I agree than during the event itself, that’s unlikely anything happen. If Fedora pay for it, money will talk. But attendees tend to go out after the event (or at least, we did when i was going to Flock), and that’s usually where things can go wrong.
And finally, it would also be bad for the image of Fedora. I kept track of that kind of discussions in various communities (Wikipedia, OSM, etc) for a talk I gave this year at Devconf.cz. And my conclusion is that the push for accountability increase year after year.
For example, in 2008, few people protested when Wikimania (the Flock of Wikimedia movement) was in Egypt, while it was still under a dictatorship (and LGBT rights weren’t better than now).
This year, the event was in Singapore, and the location was announced around beginning of august 2022. At that time, homosexuality was still illegal in the city state. So people from the community started to plan making a real life protest during the event. I was in the chat room where it was discussed, but as the law changed a few weeks after the announce, nothing happened. Had it not changed, I am sure the event team wouldn’t have been thrilled to deal with that.
In fact, i say nothing happened, but there was a online controversy due to toilets changes for diversity. That’s a change I have seen in several events in the past such as Write The Docs, OSS Summit, Chaos Computer Congress, and one that is popular because that’s a inexpensive way to be inclusive.
There was plenty of people protesting Linux Foundation choice to have a even in Texas last year on Twitter/X. Again, the organizers had to quickly react before it became a problem and people started to contact sponsors (which would result in budget issues).
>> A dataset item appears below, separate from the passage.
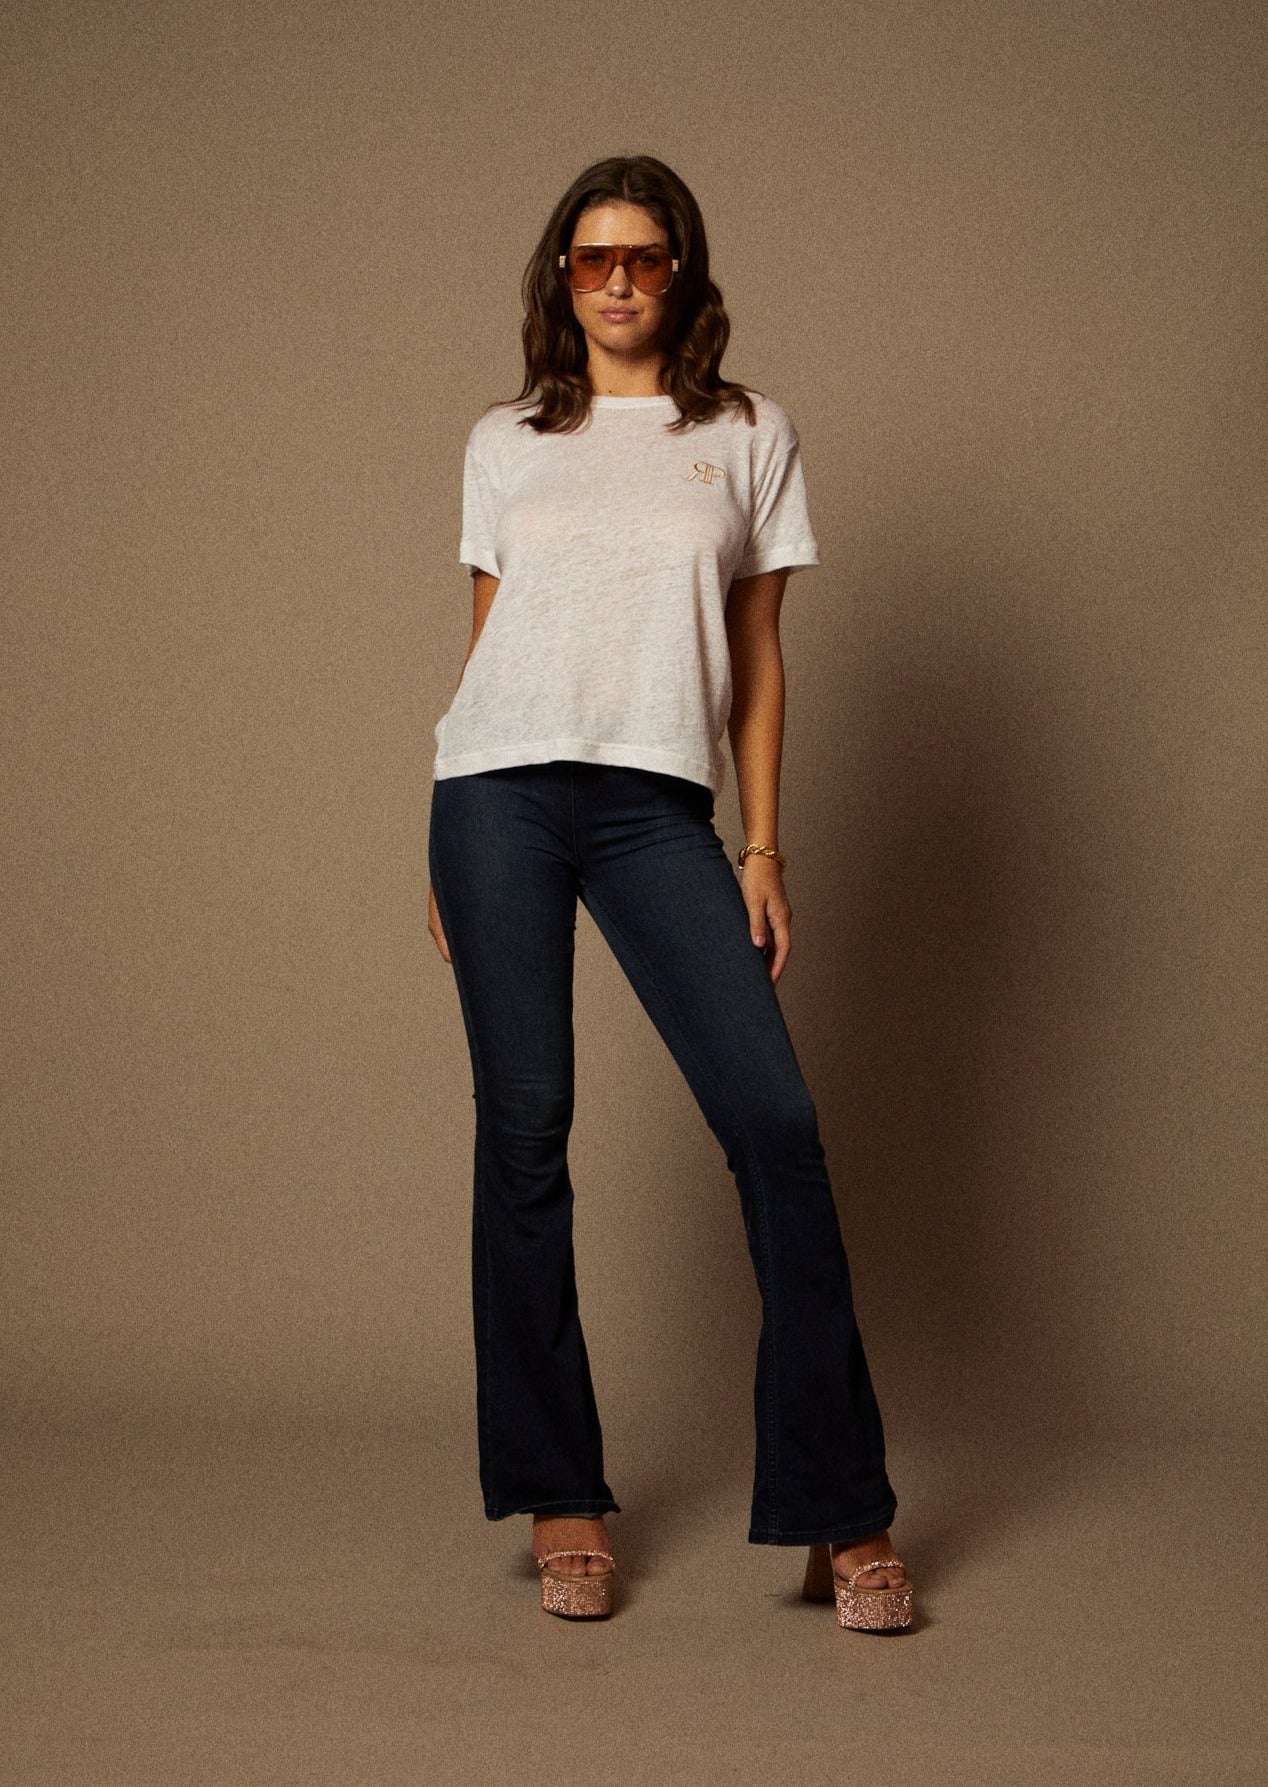 The Layla Tee in White Linen Jersey
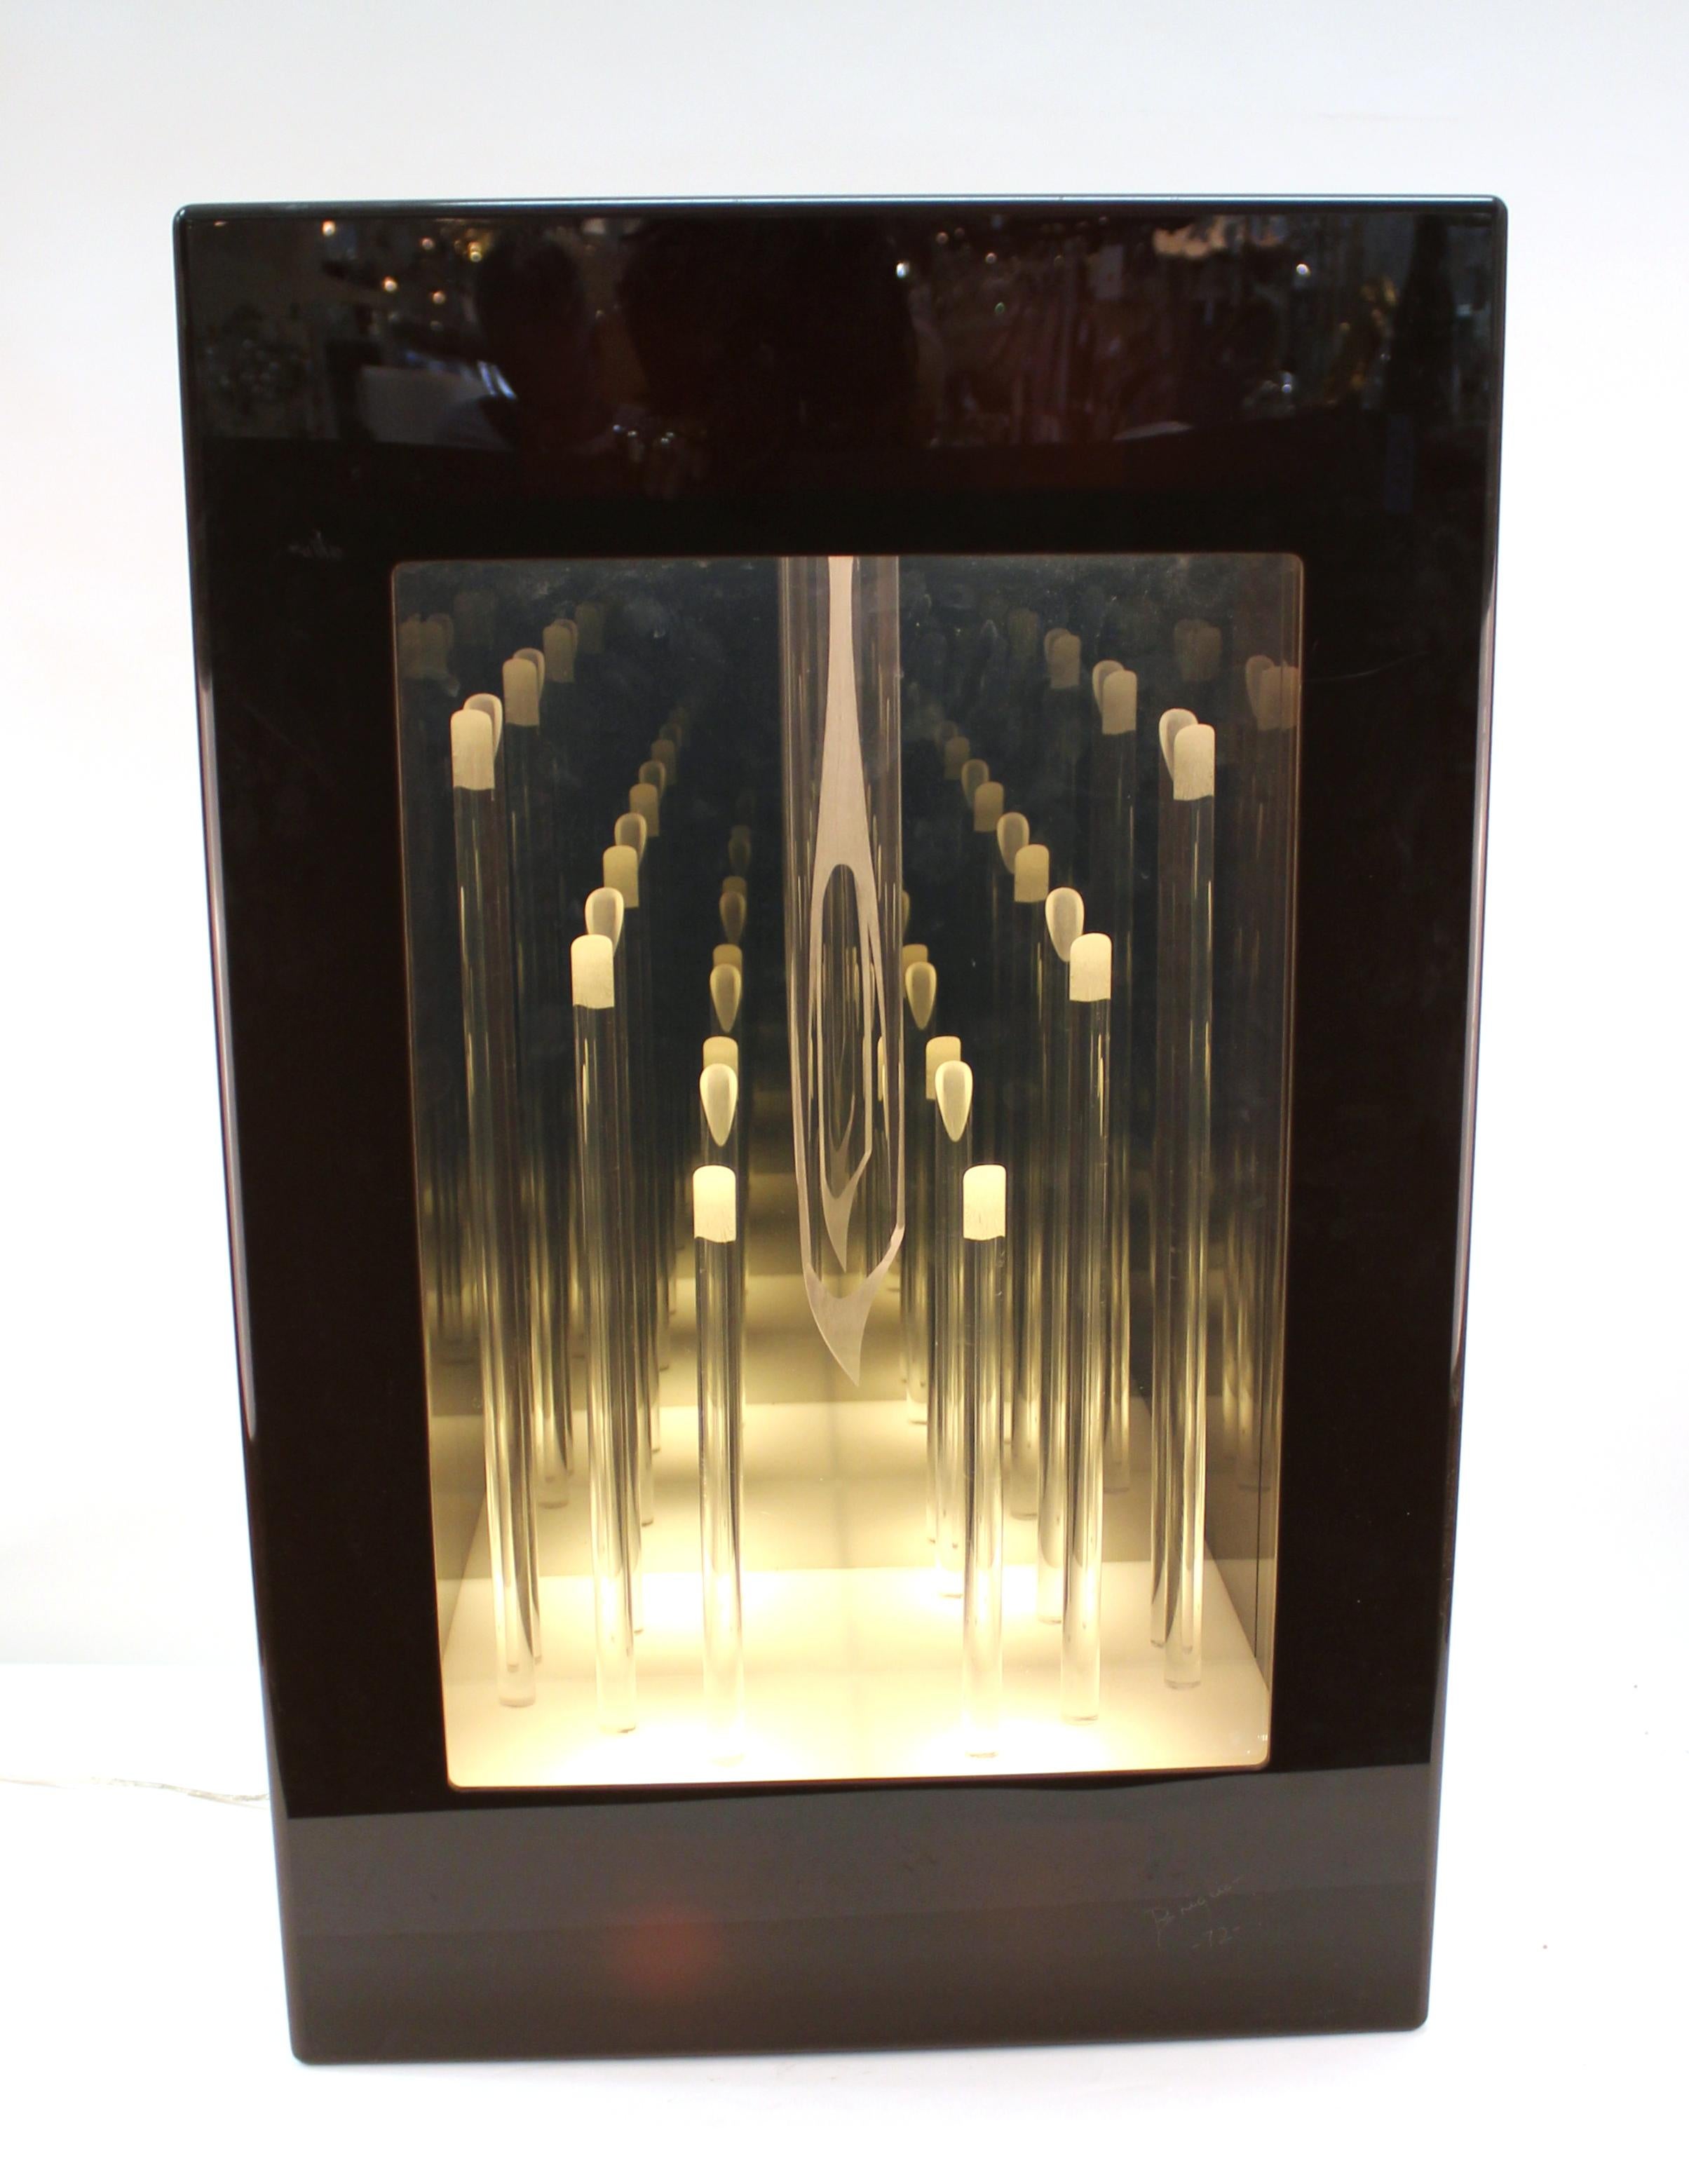 Modernist light box sculpture with interior depicting an abstract fireplace against an infinity mirror or candle-light when lit up. The piece is signed and dated

Again, I am sure they would have preferred not having to deal with the controversy, but they had no choice due to contracts being signed before.
So there is plenty of risks increase on various axes.
But even without that, that would also go contrary to the value we push, and undo lots of hard work made by people since years.
Some US states are becoming toxic and create reputational risks, and that’s a unfortunate fact.
Yes, that’s deeply unfair for people living there who are most likely fine and welcoming in their majority.
But that’s also unfair for people who would feel unsafe during a whole event (or more likely, just not come due to a problem that could have been avoided ). That would be unfair to subject the event team to extra stress and more work. That would be unfair to have one group be potentially unable to do a meetup. That would be unfair to undo the work done to be inclusive.
In the end, we can’t just handwave around “diversity” and “being safe” and not add it to the processes somewhere, and have this discussion every year (because yes, I can predict we will have it year after year and louder and louder, because that’s what happened everywhere.
We say we want to be welcoming so it is time to show it. Because even with inflation, talk is still cheap.